[Dataset extract]

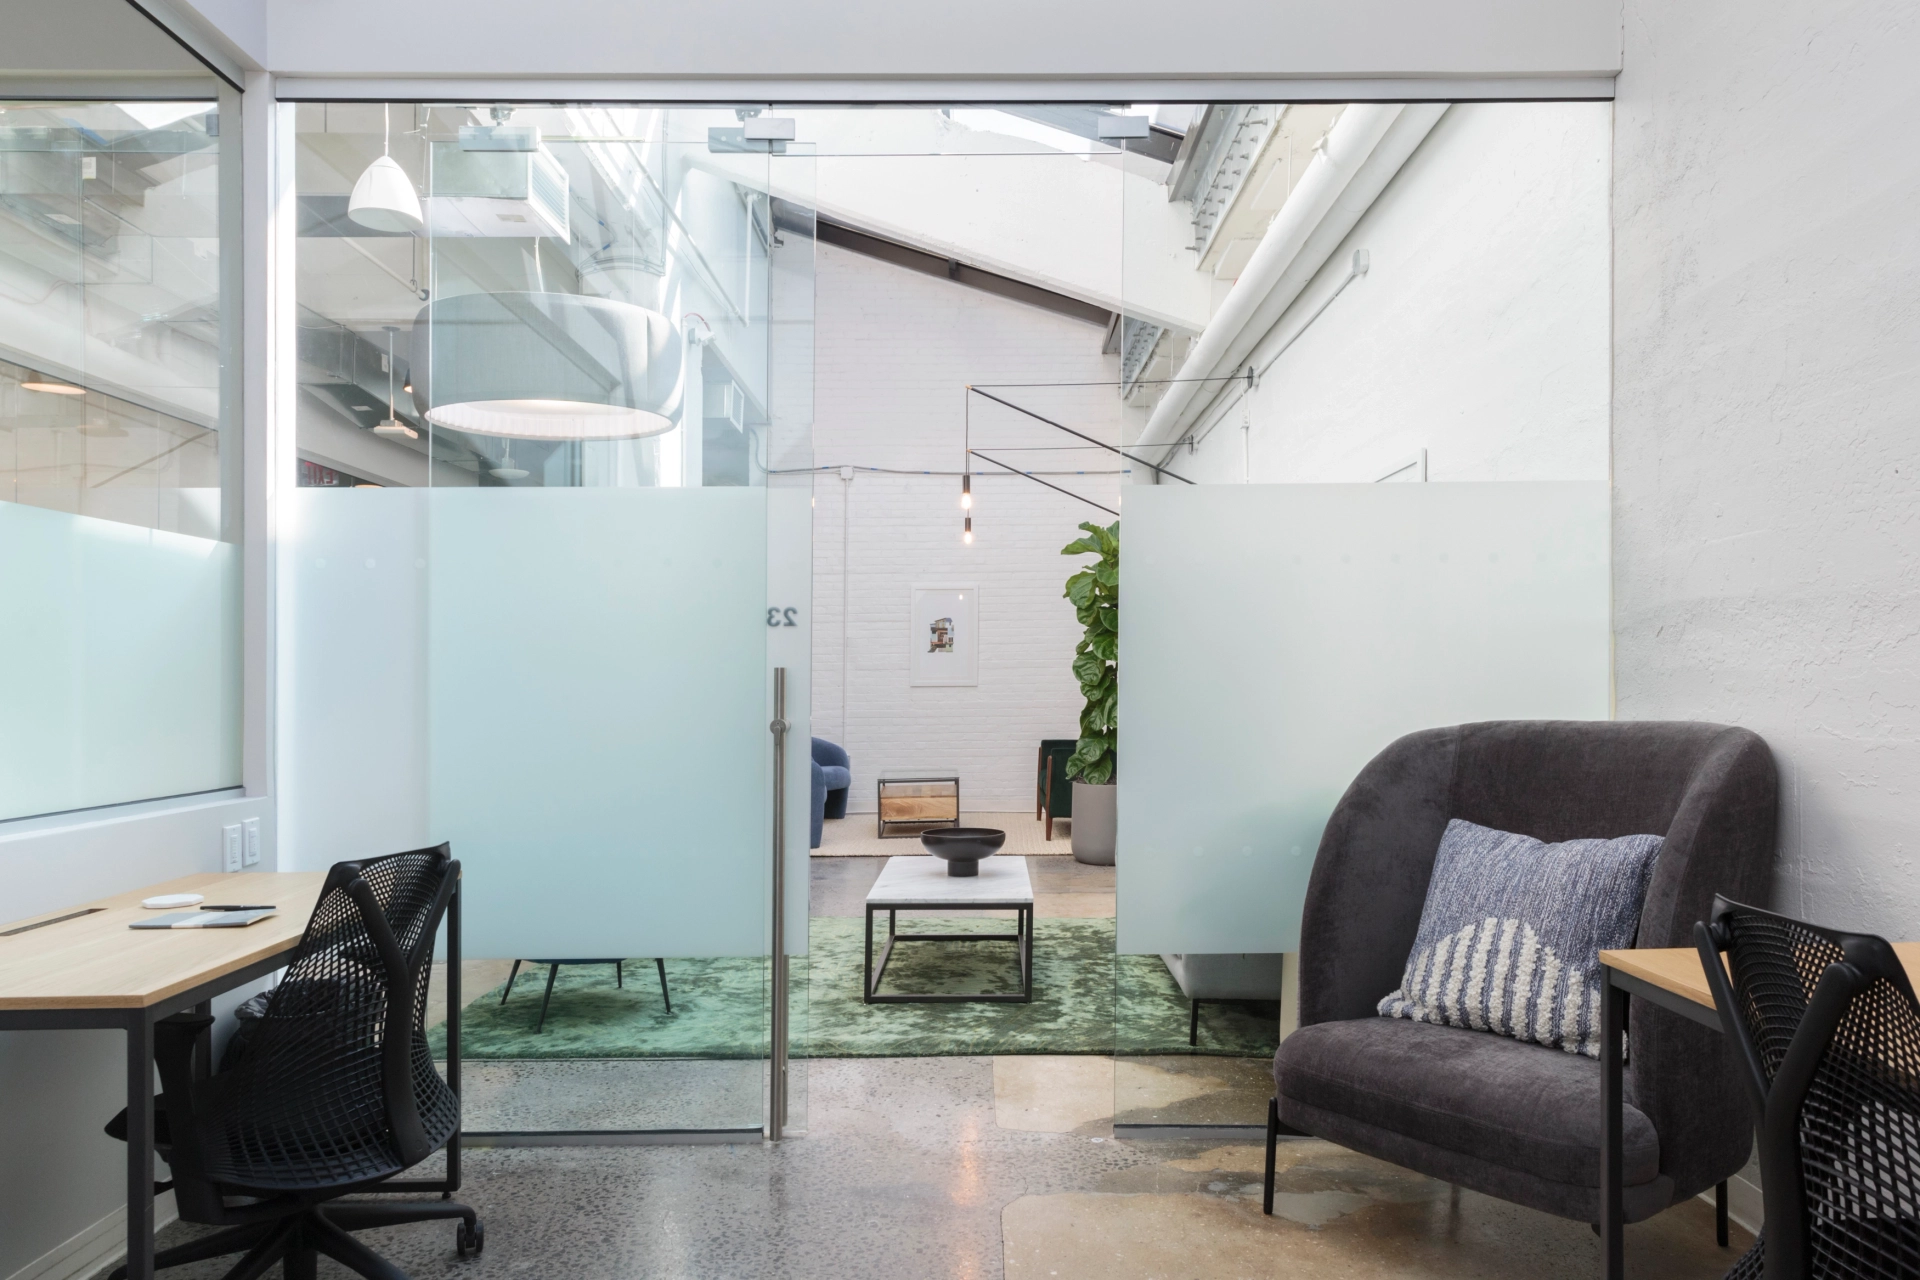 A modern workspace in Brooklyn featuring a glass wall and comfortable chairs.
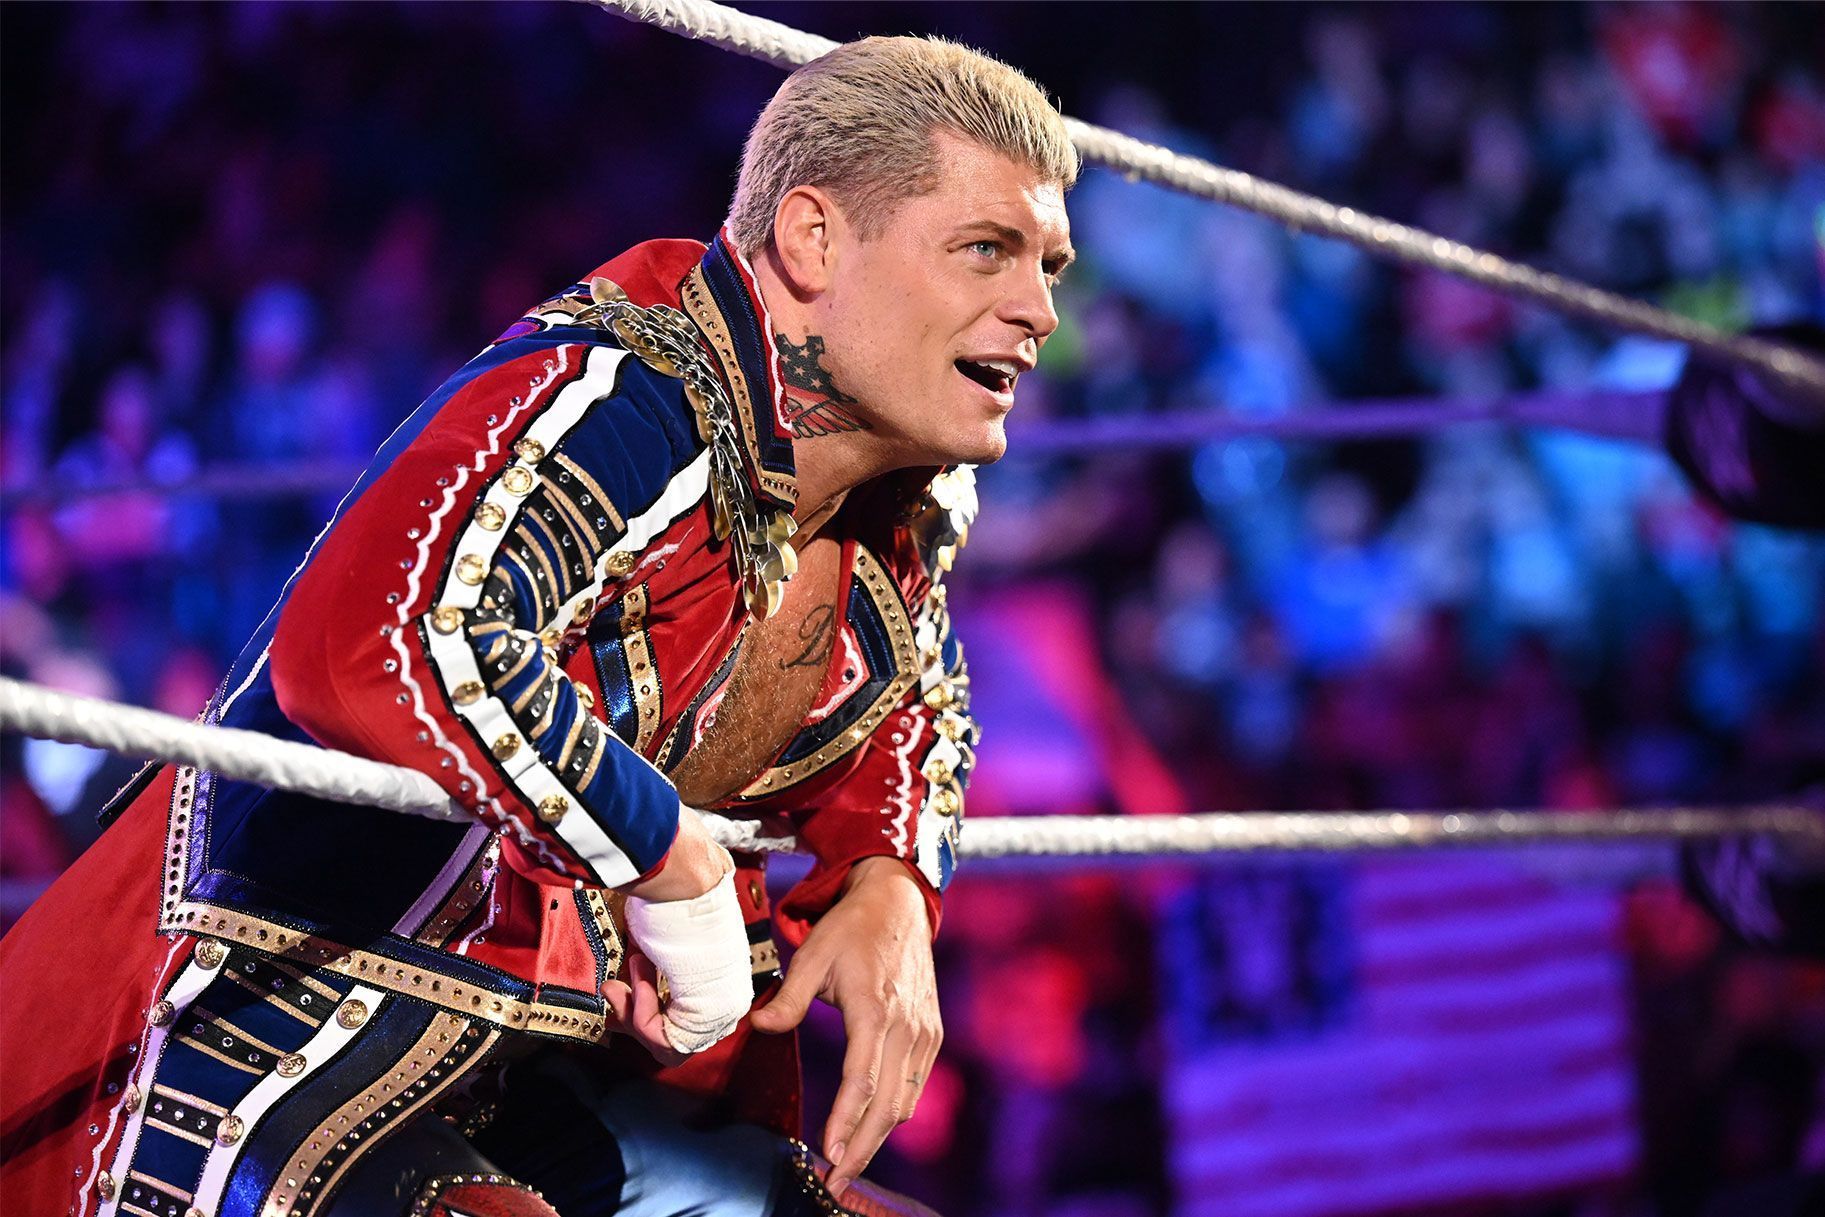 Cody Rhodes returned to WWE at the Royal Rumble
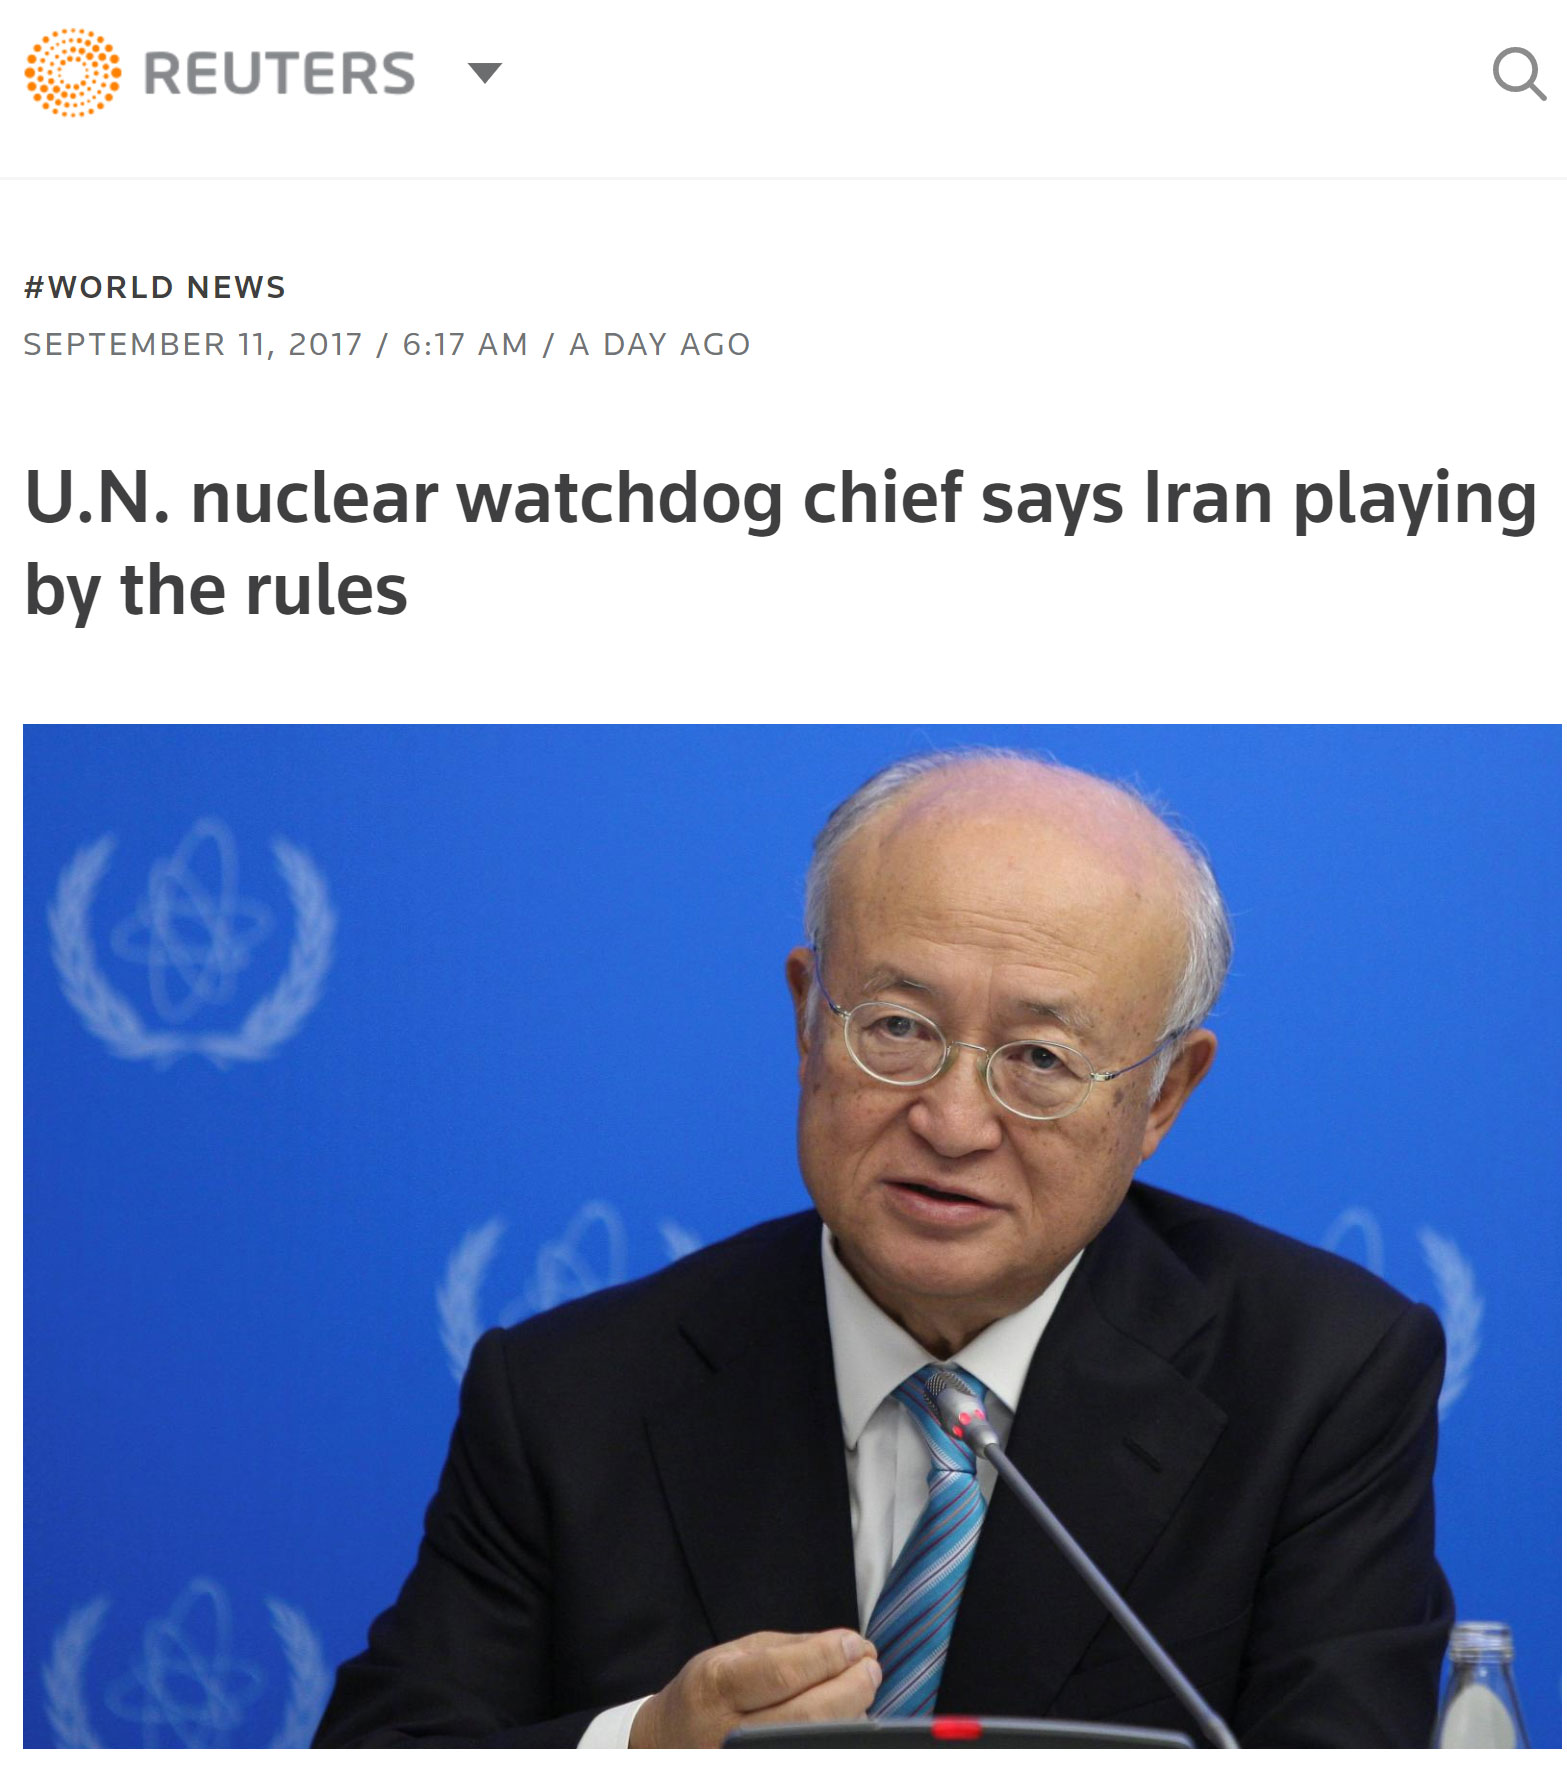 23-nuclear-watchdog-chief-says-Iran-playing-by-the-rules.jpg

[/Dataset extract]

Requirement - A word-for-word transcription of the listing is needed, minus its images.

Output of the task -
 A modern workspace in Brooklyn featuring a glass wall and comfortable chairs.
 Cody Rhodes returned to WWE at the Royal Rumble
 23-nuclear-watchdog-chief-says-Iran-playing-by-the-rules.jpg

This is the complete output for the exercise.